Lower labor force participation rates, lower birth rates, lower total working populations in the West, trade wars, aggressive government action against large enterprises — all these factors aren’t going to disappear in the next election. Most of these issues are issues developed economies will have to deal with for the next 20 years. All of these trends look more and more unfavorable to equities. Proptext believes the better bet will be property investments, not stocks.

Income: The Productive Asset

The geometric mean is a more accurate reflection of actual investor experience than the arithmetic mean because geometric mean captures the actual return investors experience when compounding over decades. The arithmetic mean makes returns seem higher than they really are because it doesn’t account for losses compounding negatively. The geometric mean shows the real return investors would experience over the long run.

For housing, capital gains are only 49% of the total returns for the entire sample of the study. The larger portion of returns are from rental income: 51% of returns. 

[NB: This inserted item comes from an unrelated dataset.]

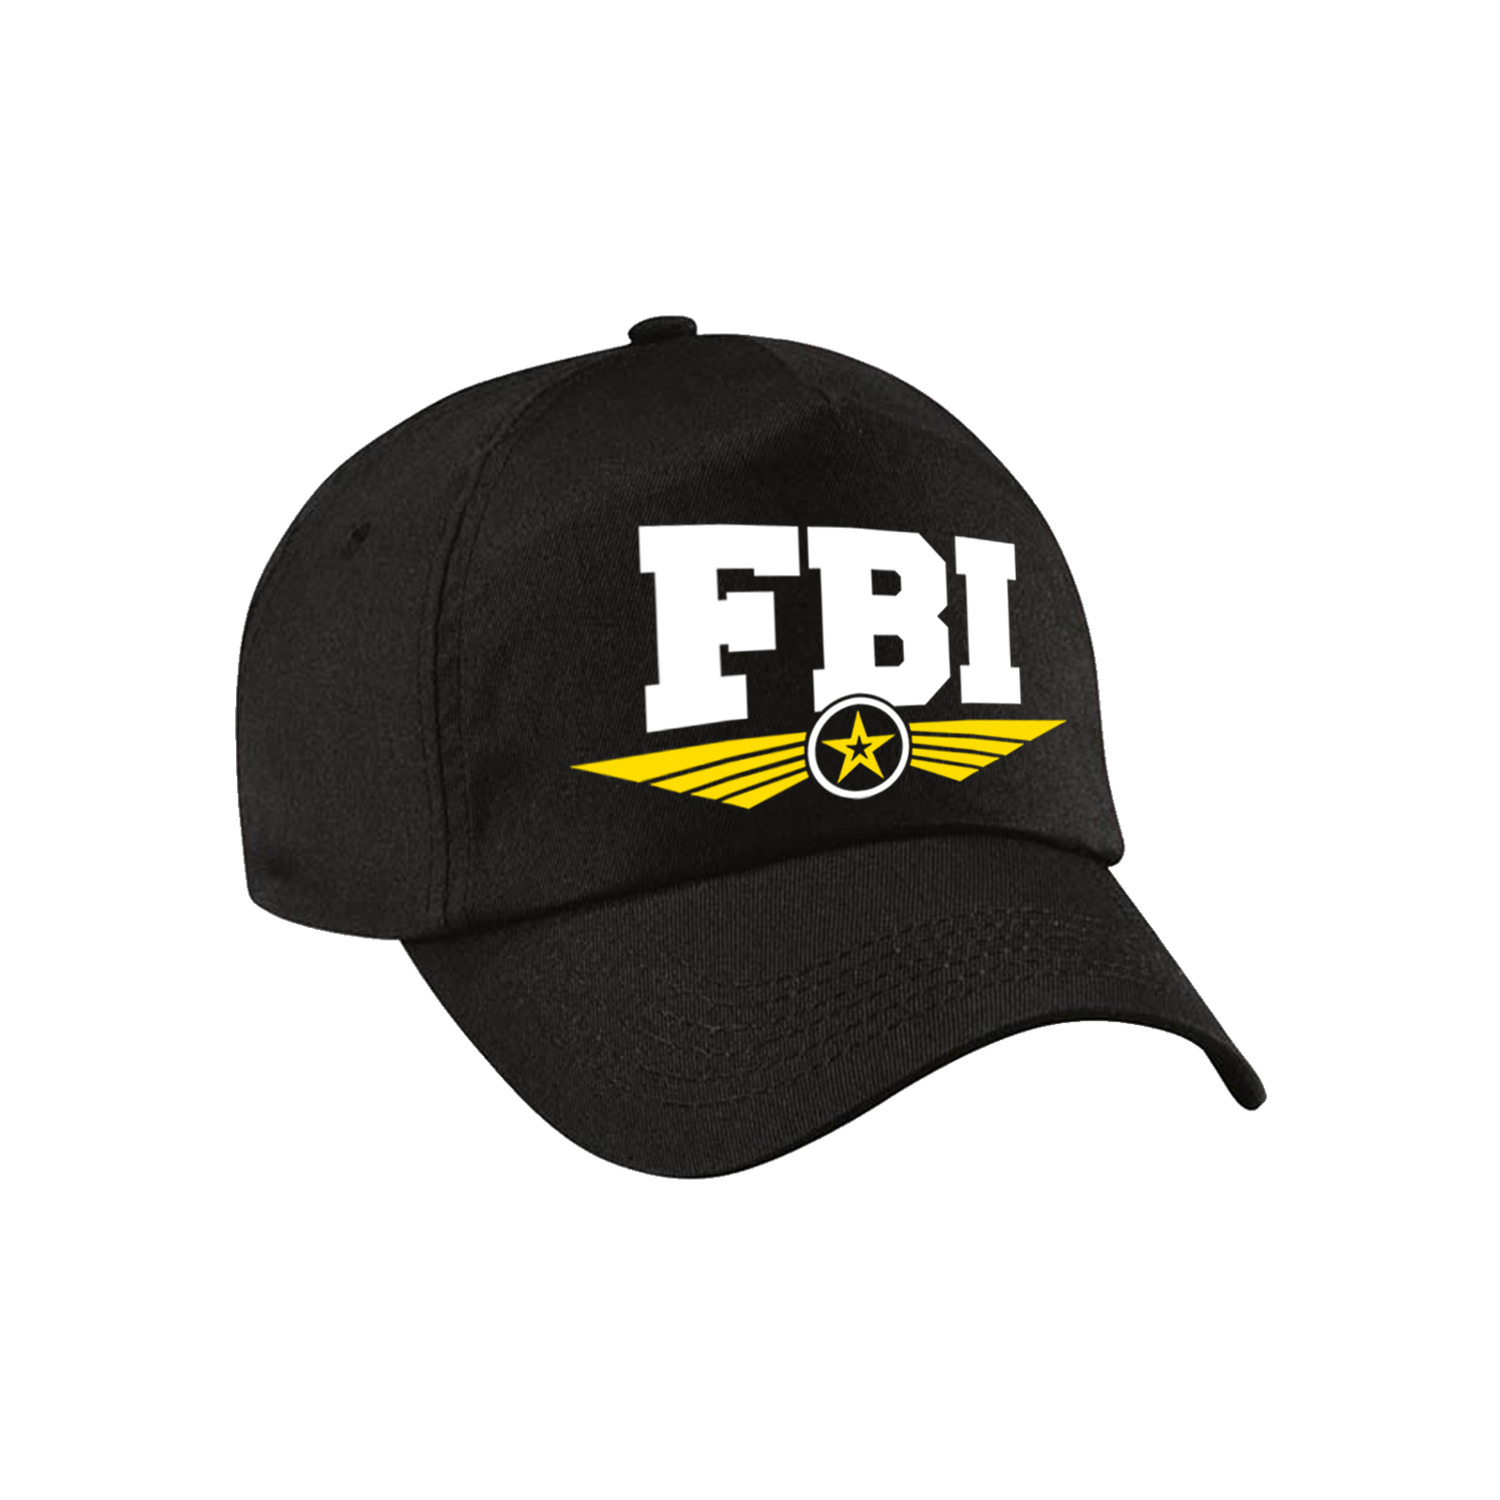 FBI agent tekst pet-baseball cap zwart voor kinderen

Real estate investments offer several income streams that significantly enhance the overall ROI for this asset class. These income streams include rental income, capital appreciation, tax benefits, and leverage. Understanding how these components work together is crucial for maximizing returns in real estate.

  1. Rental Income: 51% of returns — Rental income provides steady cash flow, which can increase over time as rents rise. For example, in the US, the average renter pays about $1,326 per month, while those renting single-family homes pay an average of $2,018 per month. This predictable income stream is attractive because it can help offset mortgage payments and operating expenses, strengthening cash flow over time.

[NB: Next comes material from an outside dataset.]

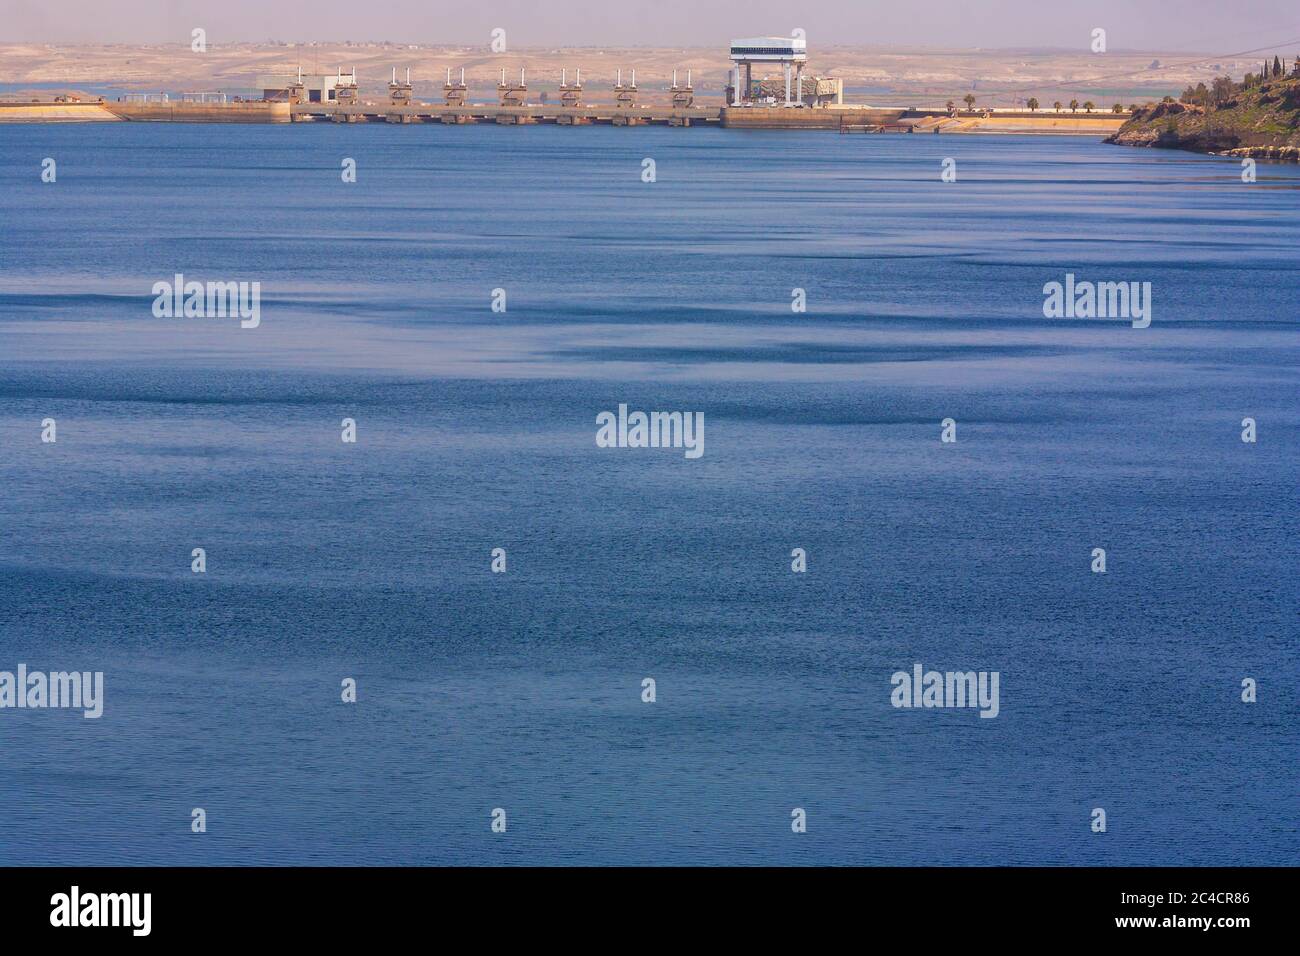 Euphrates river, Lake Assad, Syria Stock Photo

  2. Capital Appreciation: 49% of Returns — Capital appreciation refers to the increase in property value over time. Historically, real estate values tend to rise, allowing investors to sell properties at a profit. For instance, if a property is purchased for $100,000 and later sold for $200,000, the capital appreciation is $100,000. This aspect of real estate investing can significantly boost the overall ROI.

  3. Taxes: Depreciation — What this study doesn’t consider are the tax benefits: depreciation, key benefit for real estate investors. It allows property owners to deduct a portion of the property's value each year from their taxable income, effectively reducing their tax liability. This deduction is based on the property's depreciable value, which excludes land, and is spread over the property's useful life — 27.5 years for residential properties and 39 years for commercial properties

How Depreciation Enhances Returns

  • Reduces Taxable Income: By deducting depreciation from taxable income, investors lower their overall tax burden. This can result in significant savings, especially for those in higher tax brackets.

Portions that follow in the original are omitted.